Against the backdrop of worsening ties between Paris and Algiers, French judicial authorities have issued an international arrest warrant for a former Algerian embassy official accused of orchestrating a covert kidnapping operation on French soil.
The suspect, identified as a former intelligence officer operating under diplomatic cover, is wanted for “arrest, abduction and unlawful detention in connection with a terrorist enterprise” and “criminal terrorist conspiracy,” according to official sources cited by AFP.
The warrant, issued in late July, targets a man described in an April report by France’s domestic intelligence agency (DGSI) as a “non-commissioned officer” of Algeria’s powerful foreign intelligence service (DGDSE), who was stationed at the Algerian embassy in Paris under the guise of a first secretary.
At least seven other individuals have been indicted in connection with the operation, including an employee of the Algerian consulate in Créteil, a suburb of Paris. The motives behind the operation remain murky, but the details suggest a disturbing abuse of diplomatic privilege and a flagrant violation of French sovereignty.

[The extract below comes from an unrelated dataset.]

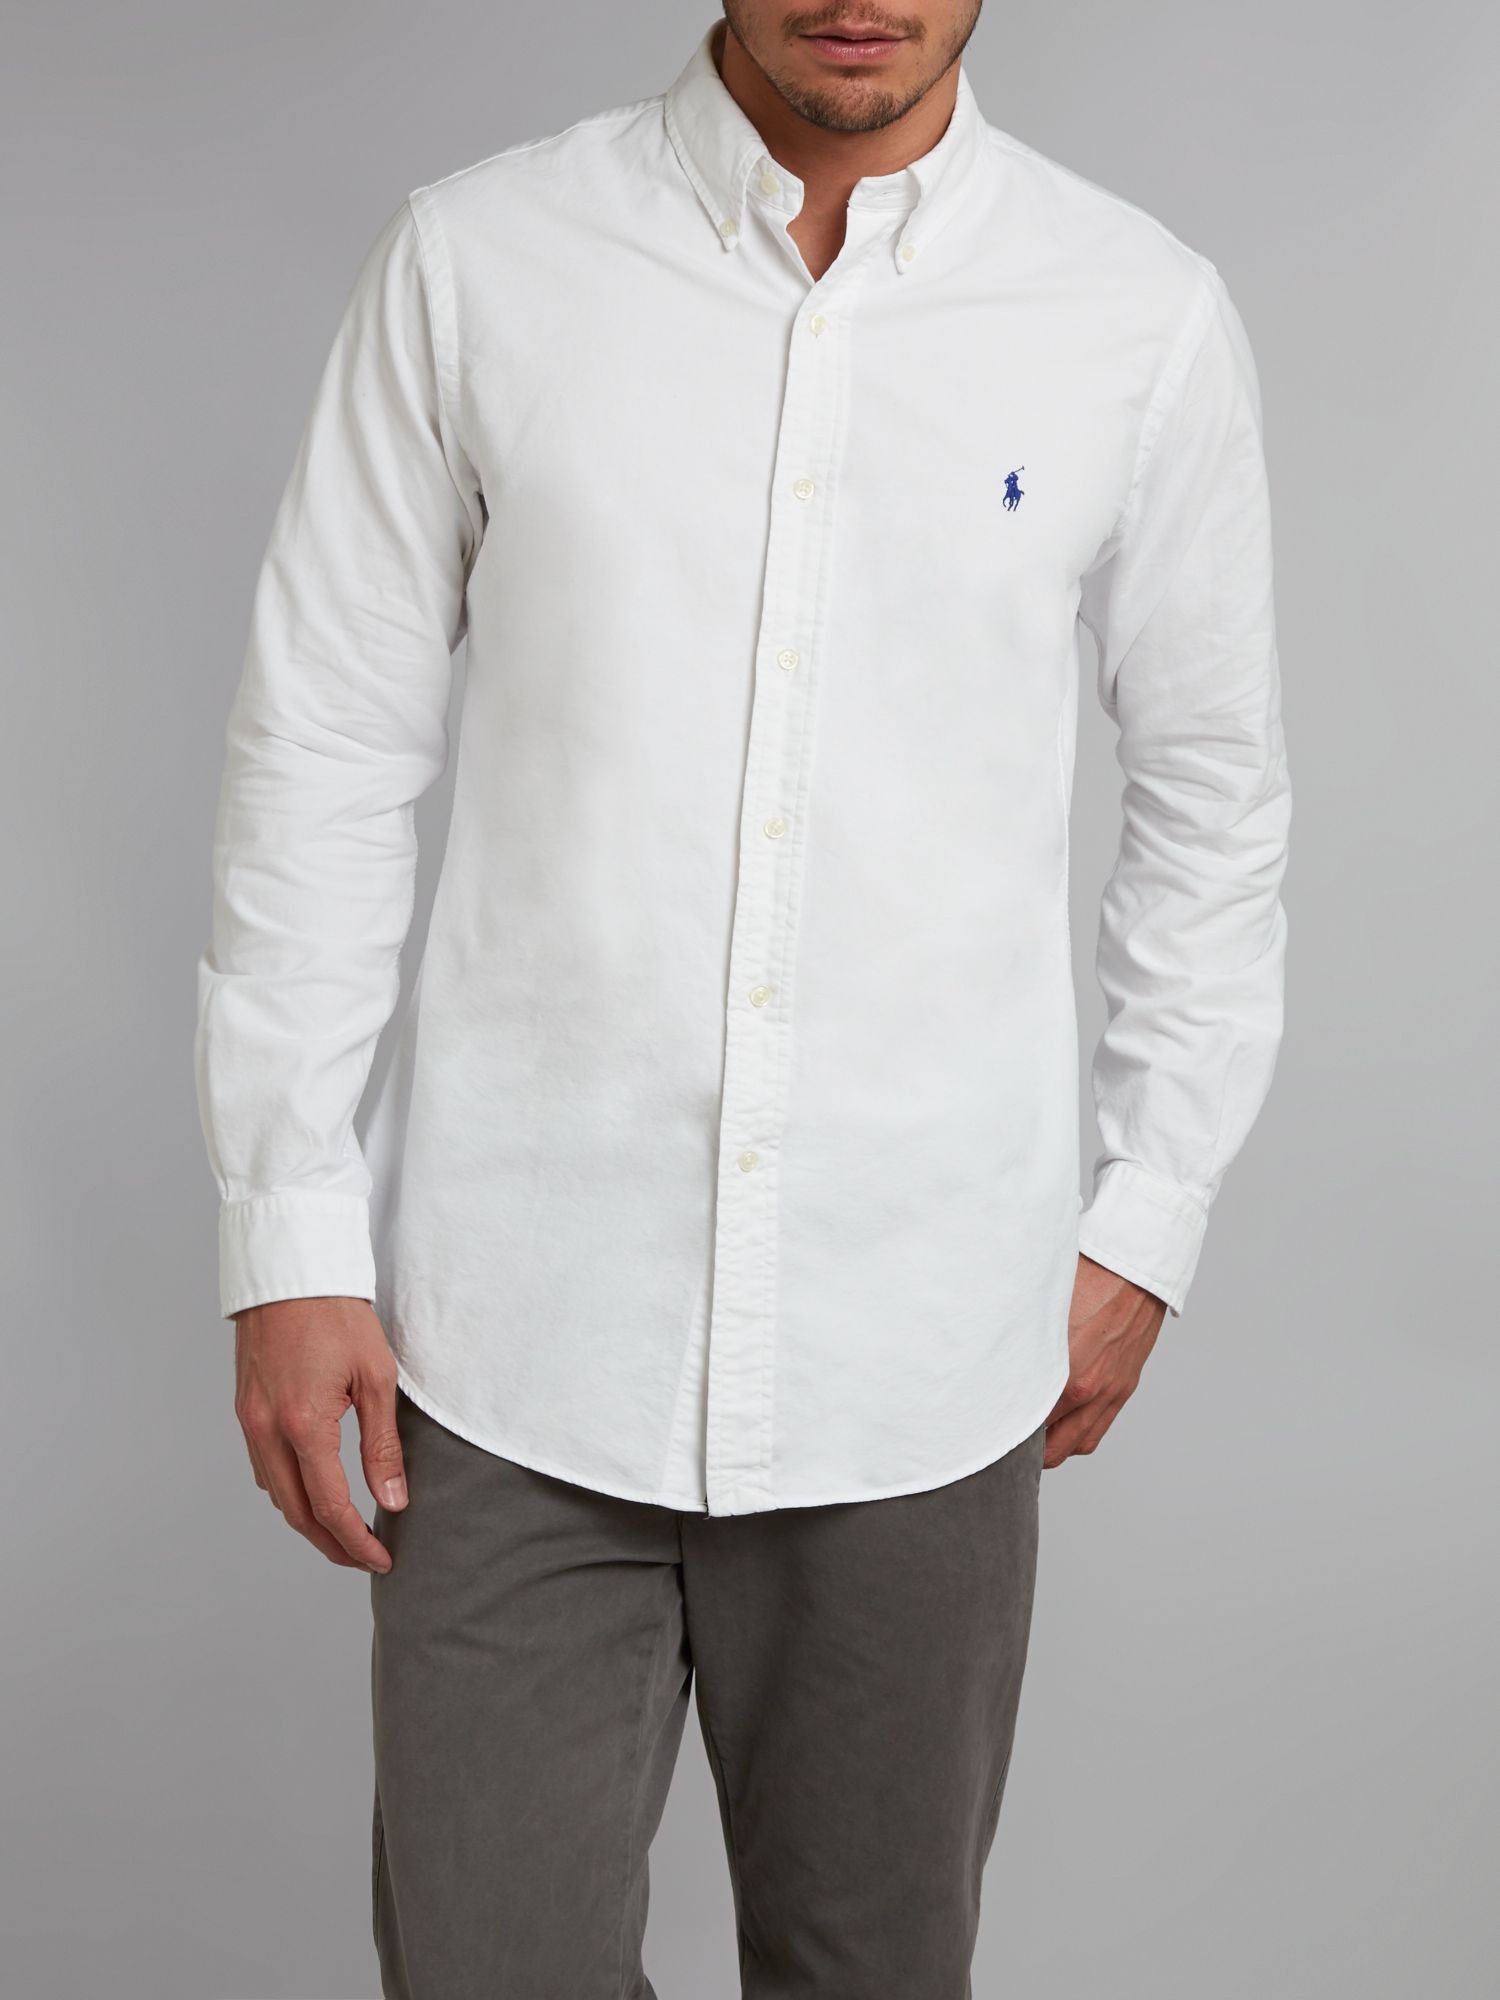 Polo Ralph Lauren Classic Oxford Shirt in White for Men - Lyst
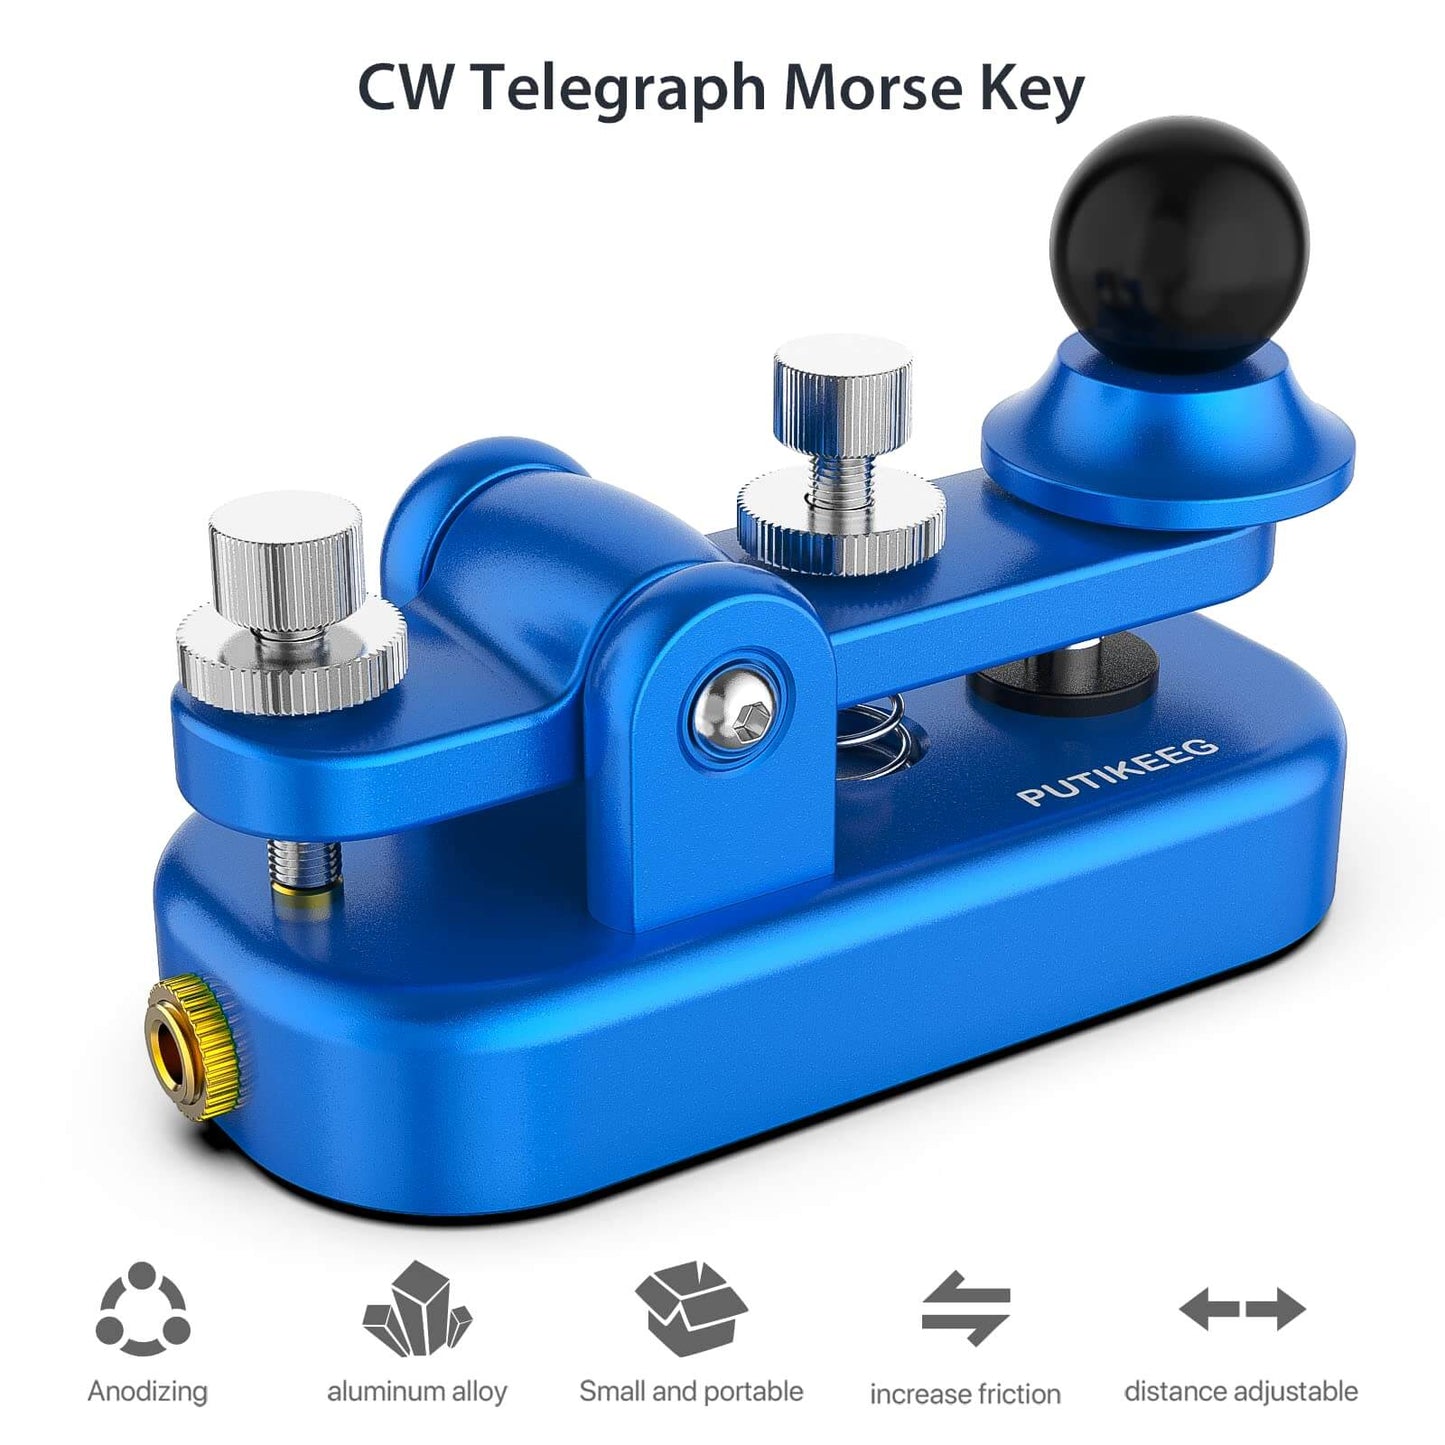 Mini CW  Morse Key

The target of the operation was Amir Boukhors, better known as “Amir DZ,” a prominent Algerian dissident and social media influencer with over a million followers on TikTok and Facebook.

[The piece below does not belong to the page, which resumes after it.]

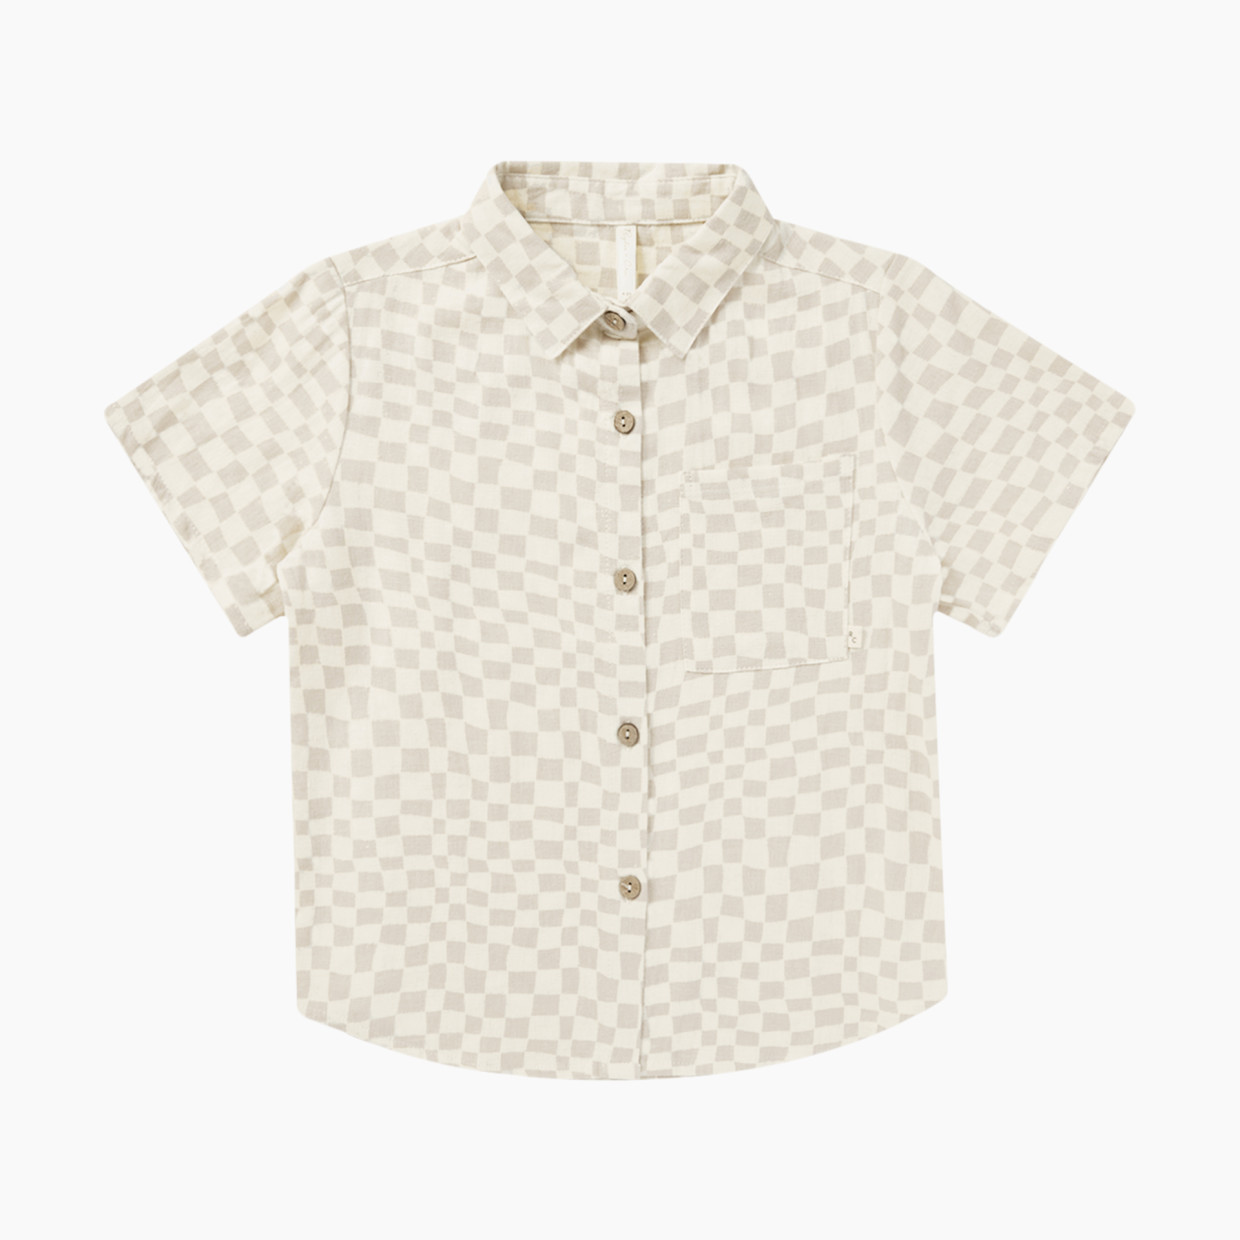 Rylee + Cru Collared Short Sleeve Shirt - Dove Check, 6-12 M.

On the night of April 29, 2024, Boukhors was intercepted near his home in Val-de-Marne by four men posing as police officers. He was handcuffed, told he was being taken to a police station, and driven away.
Instead, he was taken to a remote location resembling a scrapyard, placed inside a modified shipping container, and drugged with a white liquid later identified as a sedative. Upon waking, he found himself guarded by two masked women who claimed they had been paid €1,000 each to watch him and pleaded with him not to report the incident.
He described the ordeal as “27 hours of detention without violence,” but remains convinced the orders came directly from Algiers. “I know my enemy very well,” he told AFP. “I received many threats before this operation.”
Boukhors, 41, is an investigative journalist and anti-system activist who fled Algeria in 2012 and was granted political asylum in France in October 2023. He is wanted in Algeria under nine arrest warrants, including cham charges of affiliation with the banned Islamist movement Rachad, which the Algerian regime labels a terrorist organization.
Between 2015 and 2019, Algerian courts convicted him in absentia for defamation, blackmail, and threats. In 2022, he was sentenced to life imprisonment by a court in Relizane for “undermining state security.” Boukhors claims he was also sentenced to death, though Algerian security sources deny this.
His online content, often targeting President Abdelmadjid Tebboune and his inner circle, regularly garners millions of views and has become a thorn in the side of Algeria’s ruling elite. French diplomatic sources say Boukhors is part of a broader dossier referred to in Algiers as “the subversives,” which could complicate future security cooperation between the two countries.
The case has sparked outrage in France and raised serious questions about the Algerian regime’s willingness to flout international norms to silence dissent abroad. The use of diplomatic cover for intelligence operations and the targeting of a recognized political refugee on French soil could have lasting repercussions for Franco-Algerian relations.
As France pursues justice, the incident underscores the authoritarian nature of Algeria’s regime and its increasingly aggressive tactics against critics, even beyond its borders.